Storm in a teacup

Girls at dhabas kickstart debate about women in public spaces

Ferya Ilyas September 13, 2015
‘Girls at Dhabas’ was set up by Sadia Khatri, Natasha Ansari, Rabeea Arif and Najia Khan. PHOTO COURTESY: GIRLS AT DHABAS

Sadia Khatri did not think her casual hashtag #girlsatdhaba, added to a photo posted on Facebook from her trip to a local tea shop would mean anything. For the love of tea, she and her friends frequent dhabas, roadside tea stalls that are mostly dominated by men but never closed to women.

The photo and the accompanying hashtag sparked a conversation within her social circle about how women at dhabas are seen as an anomaly. Soon, Khatri and her friends were receiving invites for doodh patti from others eager to visit dhabas. As interest in the photo grew, a friend suggested that the photo be made public online so other girls could share their photos from dhaba outings. Thus, the site ‘Girls at Dhabas’ was created and two months later, the girls have a presence on Tumblr, Facebook, Twitter and Instagram and over 3,000 followers. That’s a lot of people curious to see photos of girls and their beloved doodh patti.

‘Girls at Dhabas’ has been receiving submissions and selfies from girls in various South Asian countries, particularly India, as they enjoy a cup of tea in their local dhaba. PHOTO COURTESY GIRLS AT DHABAS

When I meet four of the ‘Girls at Dhabas’ — Khatri, Natasha Ansari, Rabeea Arif and Najia Khan — to exchange thoughts about gender, public spaces and chai, they tell me they’re still surprised by the reaction to the hashtag. “Dhabas are a part of our lives,” says Arif, a visual arts teacher and graphic designer. “We have always been going there and also noticing how few women go there to drink tea.”

While Buzzfeed applauded the girls as leaders of “a movement to reclaim public spaces for women” and one Indian media outlet described chai sessions as “an act of defiance and liberation”, the girls are quick to reject these labels and plaudits. “We honestly did not know where this was going,” explains Khatri, who works for an advocacy group in Karachi. “The growth (of the project) is very organic and we would like to keep it that way at least for some time.” The project has been receiving submissions from girls in various South Asian countries, particularly India. “We have been approached by groups interested in similar initiatives and those are the conversations we want to engage in,” Khatri adds.

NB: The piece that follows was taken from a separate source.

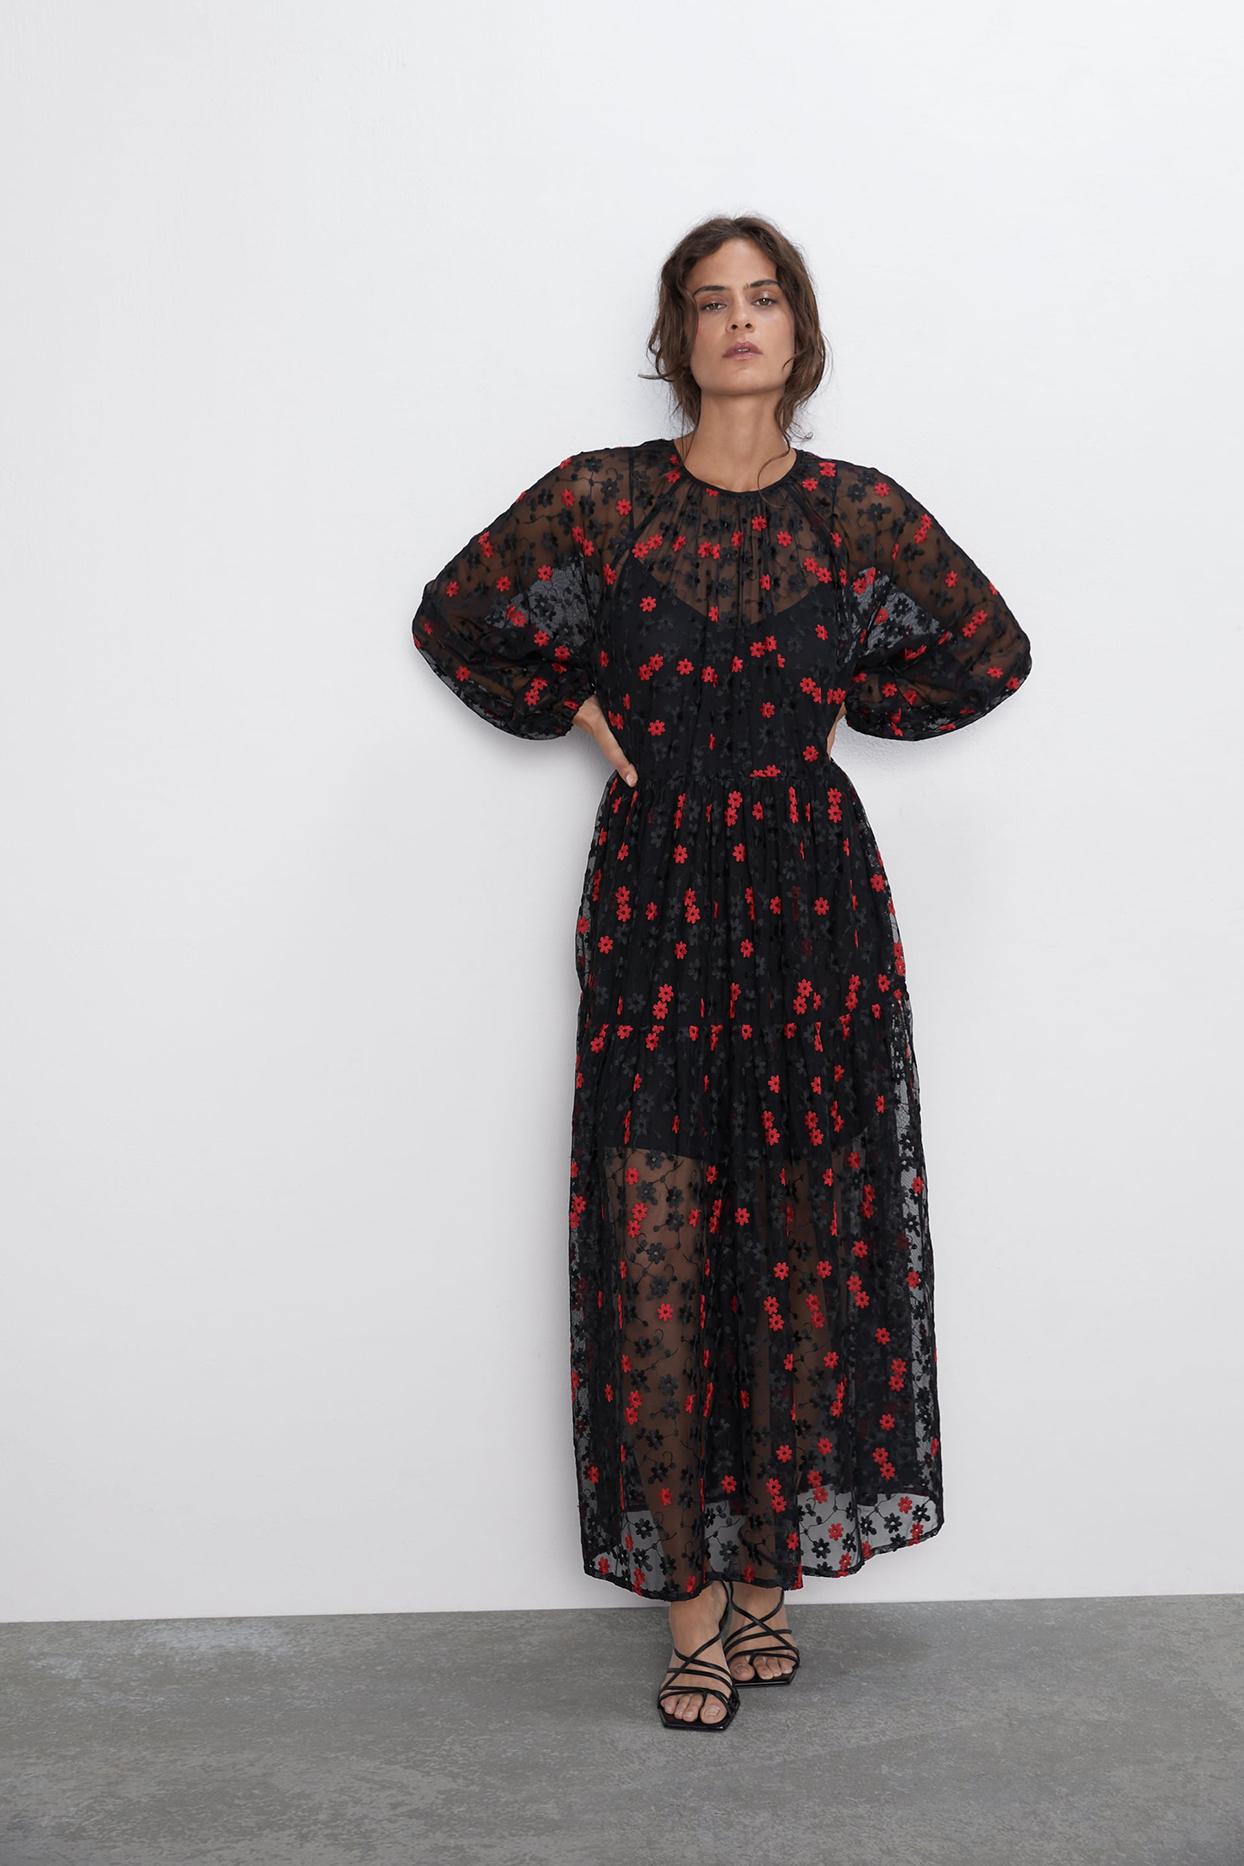 Zara Floral Embroidered Dress

As the girls and I map out the reality of women in public spaces, words like ‘safety’, ‘tolerance’, ‘acceptance’ and ‘shame’ are tossed around the dimly-lit, ethnically-decorated basement room of Ansari’s house. Tying together these concepts, sociology student Khan explains how many women feel vulnerable in their own cities. “We are always assessing how safe a place is — we look at lighting, location, and number of women,” she explains. “We are constantly on guard,” Khatri summarises.

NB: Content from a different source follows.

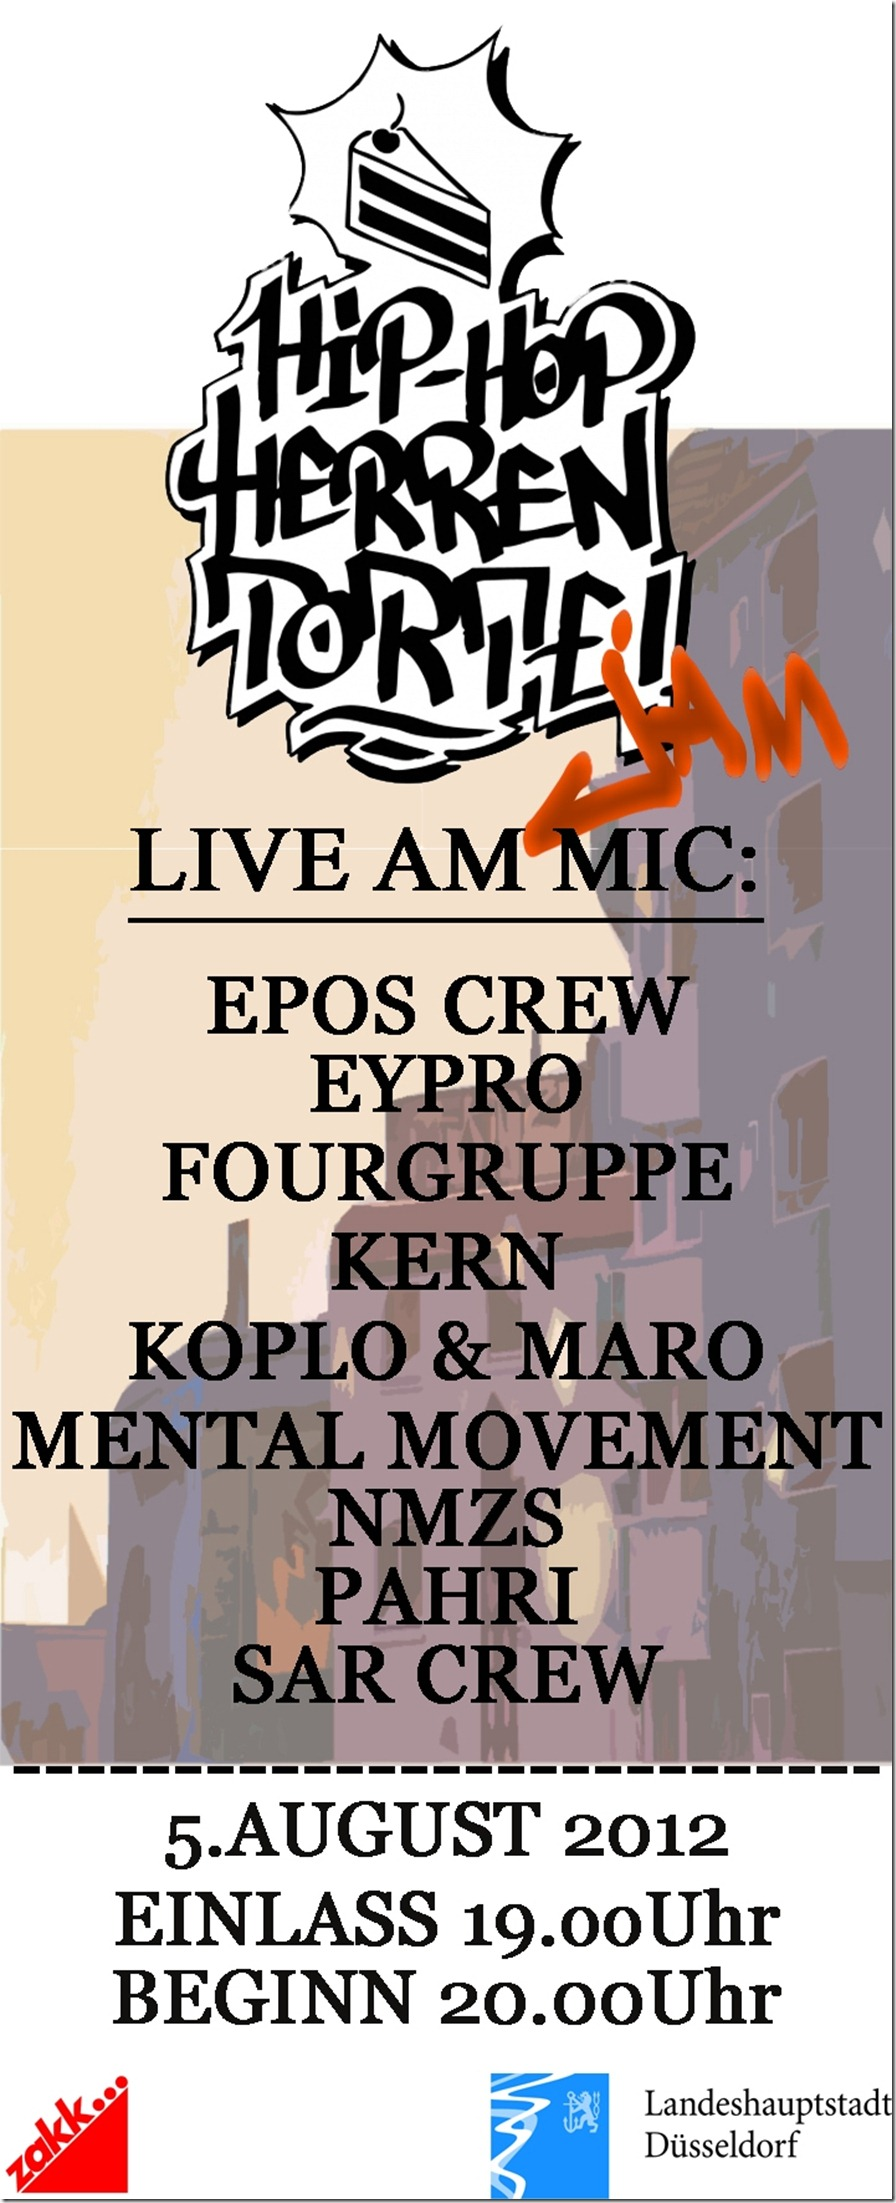 Hip Hop Herrentorte Jam mit Epos Crew, Eypro, Fourgruppe, Kern, Koplo & Maro, Mental Movement, NMZS, Pahri & SAR Crew (FLYER)

Hitchhiking on a tractor in Spiti Valley. PHOTO COURTESY GIRLS AT DHABAS

While they acknowledge these fears, these women also believe the red line is in one’s head most of the time. “We go to dhabas and we have never been turned away,” says Khatri. “The dhaba owners certainly have no problem having us around. There are a few people who stare at us and are curious but it is not like women cannot go there.”

Let’s loiter

As the women behind ‘Girls at Dhabas’ grapple with what all the attention they are receiving could mean, Indian writer and academic Shilpa Phadke stresses the significance of such efforts. “These movements make visible certain acts that, while many may be doing them, are seen to be something that ‘women do not do’ — especially in the South Asian context,” explains Phadke, who is the co-author of Why Loiter: Women And Risk On Mumbai Streets, a book that plots how women from different classes and communities use India’s urban public spaces. “Making the point that women do indeed have a good time in public spaces, including in places seen to be largely masculine, transforms something about the way we see these spaces.”

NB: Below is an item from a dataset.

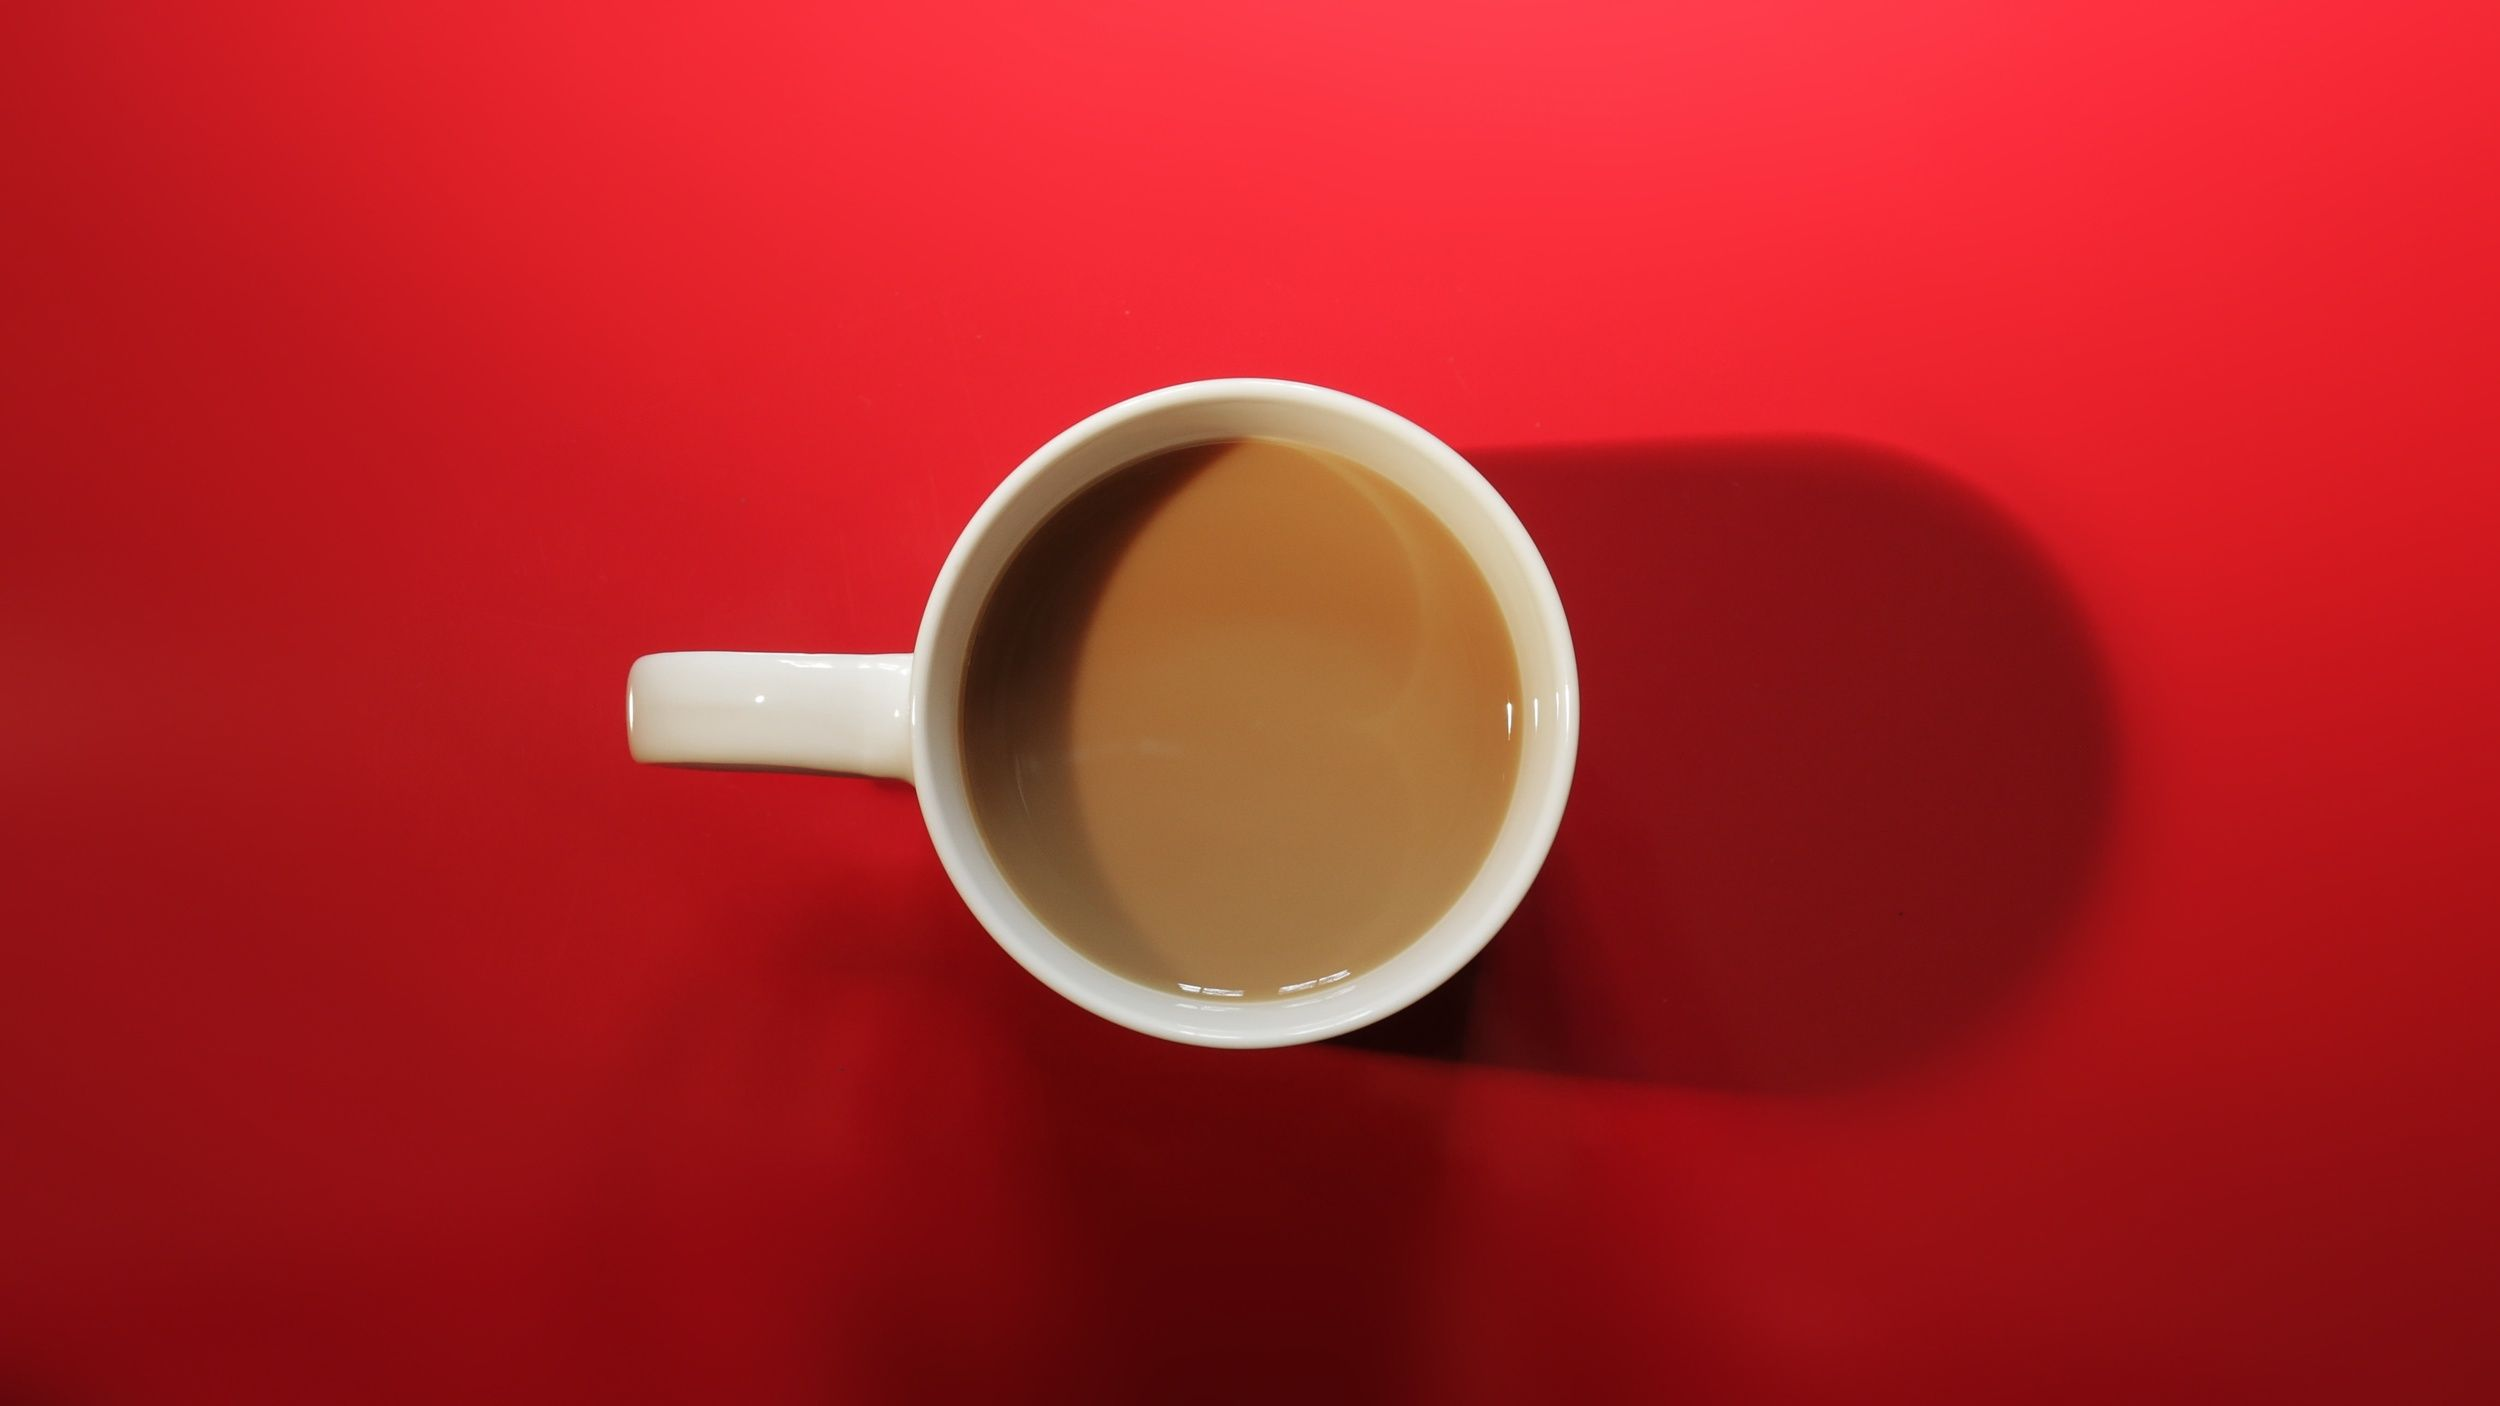 Giver's Gain Coffee, Local coffee shop, Mugs

A faculty member at Tata Institute of Social Sciences in India, Phadke discusses research conducted in Mumbai from 2003 to 2006, saying that it was discovered that although in some spaces women appeared to be present in fairly large numbers, they never amounted to even half the crowd. “At the highest, we counted 28% of women in some spaces during the daytime and particularly at rush hour going home,” she explains. “At night and in some spaces, it was as low as 3%. Women also tend far more to be mobile, i.e. moving, rather than remaining stationary, loitering or just waiting.”

Phadke explains that in South Asia, ideologies around honour often dictate women’s location, further compounding the lack of visibility of women in public. Giving insight into the attention ‘Girls at Dhabas’ has received, she concludes, “Though women might appear to be around, we are few enough for it to still be an event and if this is the case in Mumbai, other cities are sure to demonstrate greater differences.”

Anthropologist and social commentator Kamran Asdar Ali, who is based in the US, also admits there are fewer women in public spaces than there ought to be, and being a woman even in the most cosmopolitan city of Pakistan — Karachi — has its challenges. He drives home the point through a nostalgic trip into the past, quoting famous Urdu writer Intizar Hussain from his memoir Chiraghon ka Dhuan. “Intizar Hussain mentions how in the 1950s, he and writer and politician Haneef Ramay would stand on Mall Road in Lahore and watch a sea of cycles with braids going towards Punjab University’s old campus,” Ali says. This memory of the Lahore of a certain era is shared by many who speak about women seen all over the city riding their bicycles to work or to their colleges, he adds. “But things have changed and we do live in a very different moment in history,” Ali feels.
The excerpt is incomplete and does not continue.